Essa descrição da ilha é o primeiro contato que o leitor tem com a narrativa e com a
história de Érika. É também por meio dessa paisagem que a narradora encontra a sua
motivação para falar, compondo as suas gravações. Ela deseja transmitir a Alex toda a sua
experiência na ilha, gravando os sons dessa paisagem, para que ele compartilhe o que ela
sente, mesmo não estando presente. A ilha serve como motivação para a narradora começar
com as suas gravações: é sempre por meio da necessidade de descrever essa paisagem para
Alex, o seu destinatário, que Érika começa a falar.
“No início da trilha apenas um casal, ingleses, imagino, eles me olharam com
piedade por me verem sozinha, as pessoas não costumam andar sozinhas por
aí. Não é de bom-tom, diria Karen. Lembra que a gente costumava pegar no
pé dela por causa dessa frase, não é de bom-tom. A verdade é que quase nada
é de bom-tom, não é de bom-tom subir montanhas sozinha, não é de bom-tom
ir embora sem se despedir, não é de bom-tom morrer sem avisar, essas coisas.
Nesse trecho, vemos que a narradora começa a sua gravação falando da sua
experiência na ilha, de seu cotidiano e da trilha que ela fez. Semelhante a uma experiência
analítica – questão que abordaremos no próximo capítulo -, para Érika, falar sobre a
paisagem, descrevê-la, falar sobre o que ela faz na ilha pode servir como um desvio, já que ela
não quer começar as suas gravações falando sobre a sua experiência de luto. Torna-se
necessário tentar falar somente sobre o que ela vê e faz. Gravar os sons da ilha pode ajudar
começar a falar sobre Karen e a sua morte, já que Érika não consegue evitar falar desse
assunto. A paisagem da ilha serve, então, como uma motivação para compartilhar com Alex
sobre sua visita a esse local, mas, principalmente, para falar sobre a morte de Karen, fazendo
seu trabalho de luto.
Ainda para Érika, os sons dessa paisagem podem servir como um objeto de arte. Isso
porque, para ela, os sons são elementos que particularizam um lugar; cada cidade, cada bairro
tem sons que o particularizam. A narradora diz a Alex que fará dos sons da ilha um diário e
que ele se transformará, possivelmente, em uma instalação. Conforme veremos no último
capítulo deste trabalho, tal desejo se realiza. Desse modo, o objetivo dela não seria somente
compartilhar a sua experiência nessa ilha com Alex e, sim, com os espectadores de sua
instalação. A descrição da ilha, juntamente com os seus sons, serviria, então, como um meio
de atingir o outro e é isto que a narradora procura problematizar. No romance, a paisagem é o
meio para se chegar ao outro e é a motivação para falar.

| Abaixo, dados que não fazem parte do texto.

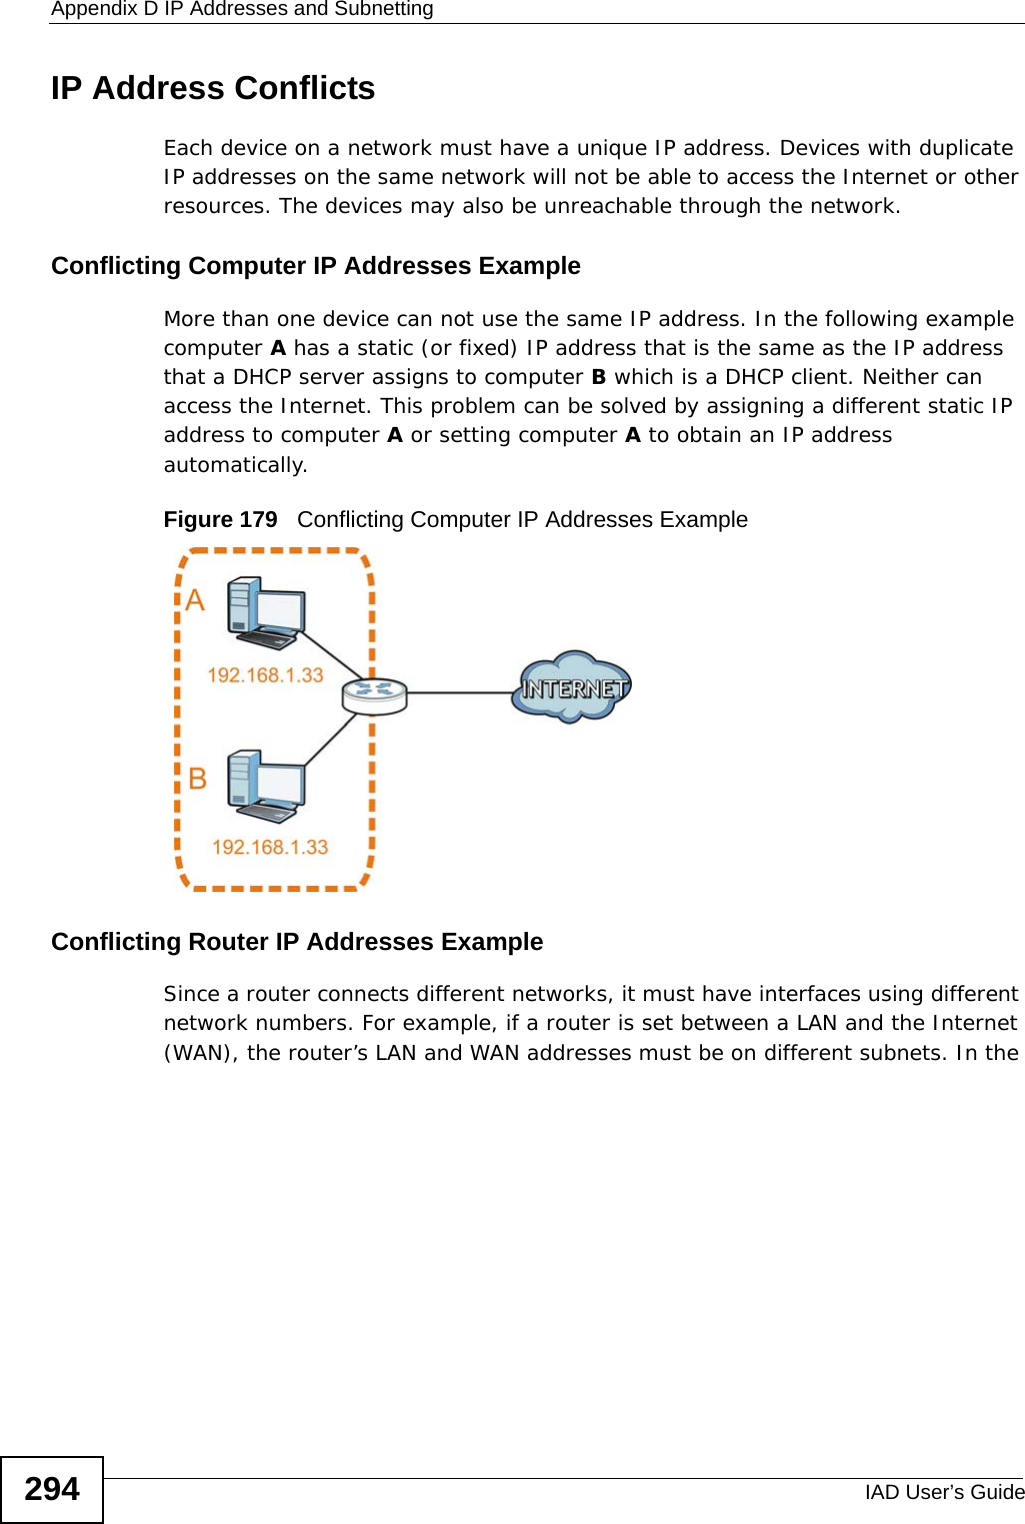 Appendix D IP Addresses and SubnettingIAD User’s Guide294IP Address ConflictsEach device on a network must have a unique IP address. Devices with duplicate IP addresses on the same network will not be able to access the Internet or other resources. The devices may also be unreachable through the network. Conflicting Computer IP Addresses ExampleMore than one device can not use the same IP address. In the following example computer A has a static (or fixed) IP address that is the same as the IP address that a DHCP server assigns to computer B which is a DHCP client. Neither can access the Internet. This problem can be solved by assigning a different static IP address to computer A or setting computer A to obtain an IP address automatically.  Figure 179   Conflicting Computer IP Addresses ExampleConflicting Router IP Addresses ExampleSince a router connects different networks, it must have interfaces using different network numbers. For example, if a router is set between a LAN and the Internet (WAN), the router’s LAN and WAN addresses must be on different subnets. In the 
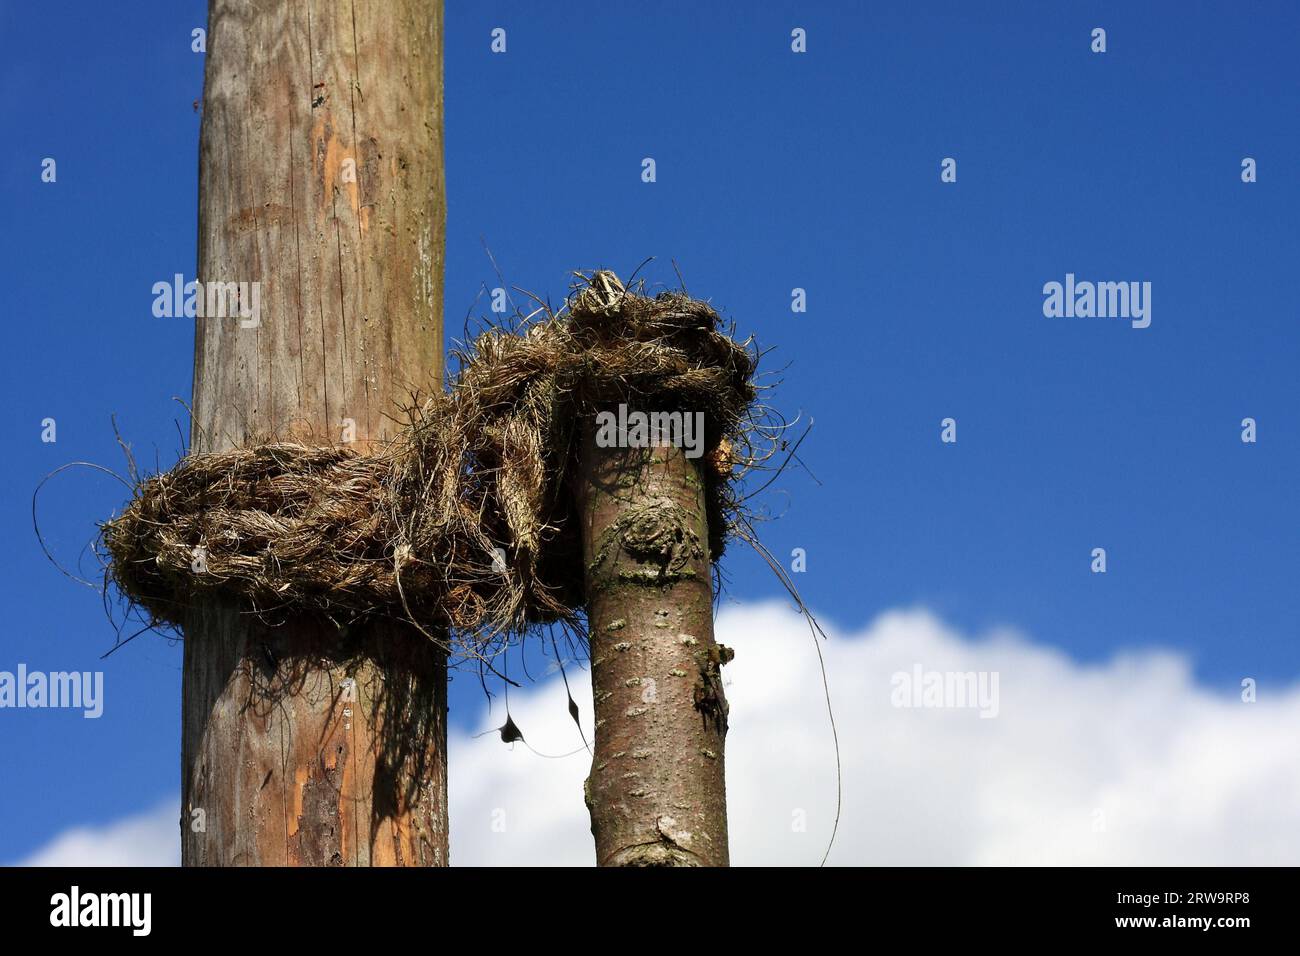 Tree trunks connected by a hemp rope, background blue-white sky Stock Photo

Além da voz da narradora, a paisagem é descrita por uma outra voz, semelhante a uma
didascália, que é transcrita em itálico. Ela fornece outras informações sobre o lugar e os
ruídos que interrompem as gravações. Esses ruídos são provocados por vários fatores, como o
barulho dos passos de pessoas, das ondas do mar, da música ou da televisão e também a das
emoções de Érika: “Silêncio. O barulho das ondas batendo no rochedo torna-se cada vez
mais alto. Voz muito baixa, inaudível. Pausa. A voz continua, agora num tom mais alto.”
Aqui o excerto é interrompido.